Another question. Sorry for not bringing it up earlier. When a call with probe metadata attached is inlined, the probe will be gone or it will be kept somehow? I think you want to keep the probe especially for inline instance to reconstruct the context but I didn't figure it out how you did that from the description.

No problem. Sorry for not clarifying it in the description. When a callee is inlined, the probe metadata will go with the inlined instructions. The !dbg metadata of an inlined instruction is in form of a scope stack. The top of the stack is the instruction's original !dbg metadata and the bottom of the stack is the for the original callsite of the top-level inliner.
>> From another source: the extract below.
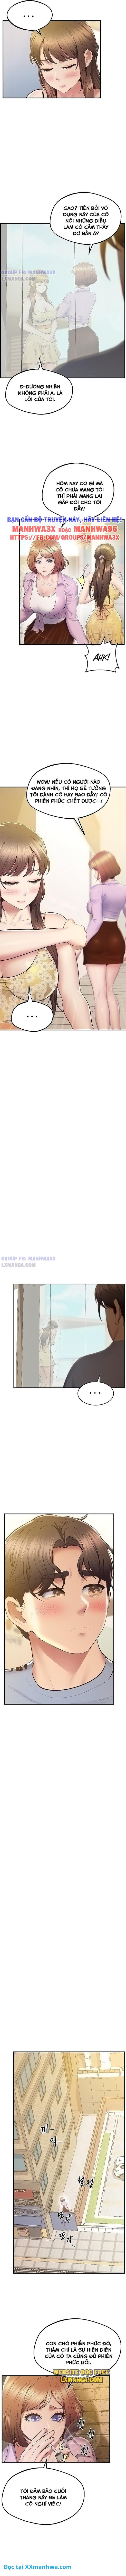 manhwax10.com - Truyện Manhwa Đồng hồ quyền năng Chương 20 Trang 4
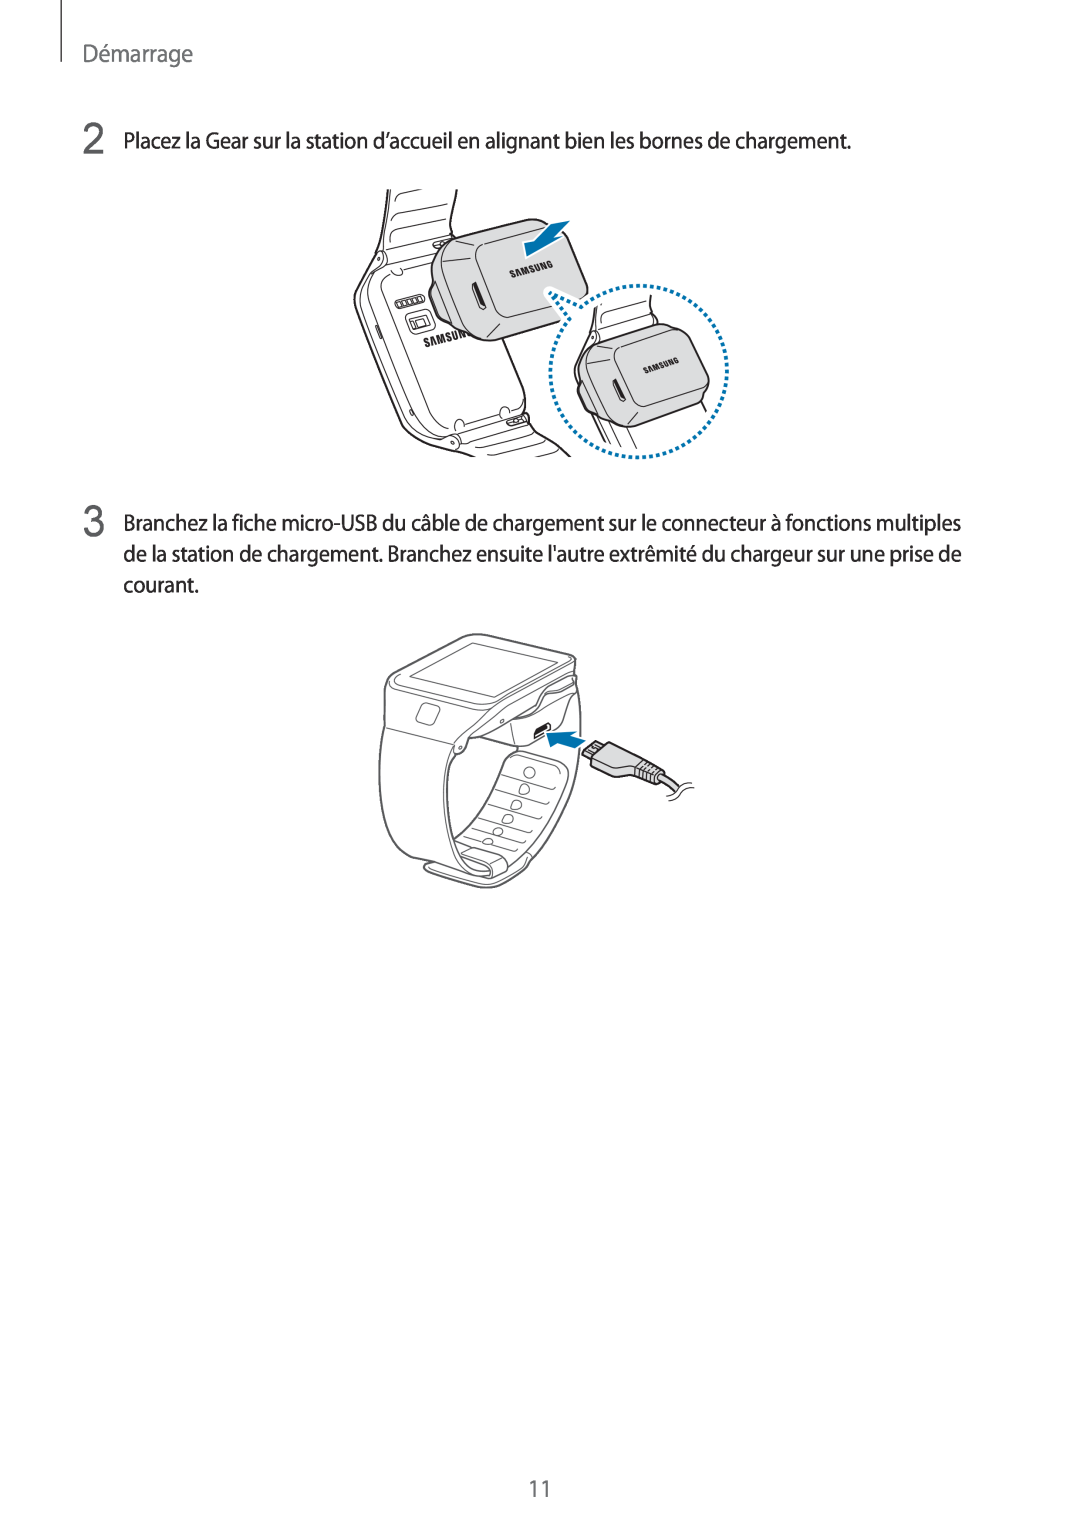 Samsung SM-R3810ZKAXEF manual Démarrage, Placez la Gear sur la station d’accueil en alignant bien les bornes de chargement

Except for the top of the stack, all other elements of the stack actually refer to the nested inlined callsites whose discriminator fields (which actually represents a calliste probe) can be used to represent the inline context of an inlined PseudoProbeInst or a CallInst. I'll update the description.

I see. Thanks for the explanation.

This revision is now accepted and ready to land.Dec 2 2020, 11:46 AM
This revision was landed with ongoing or failed builds.Dec 2 2020, 1:45 PM
This revision was automatically updated to reflect the committed changes.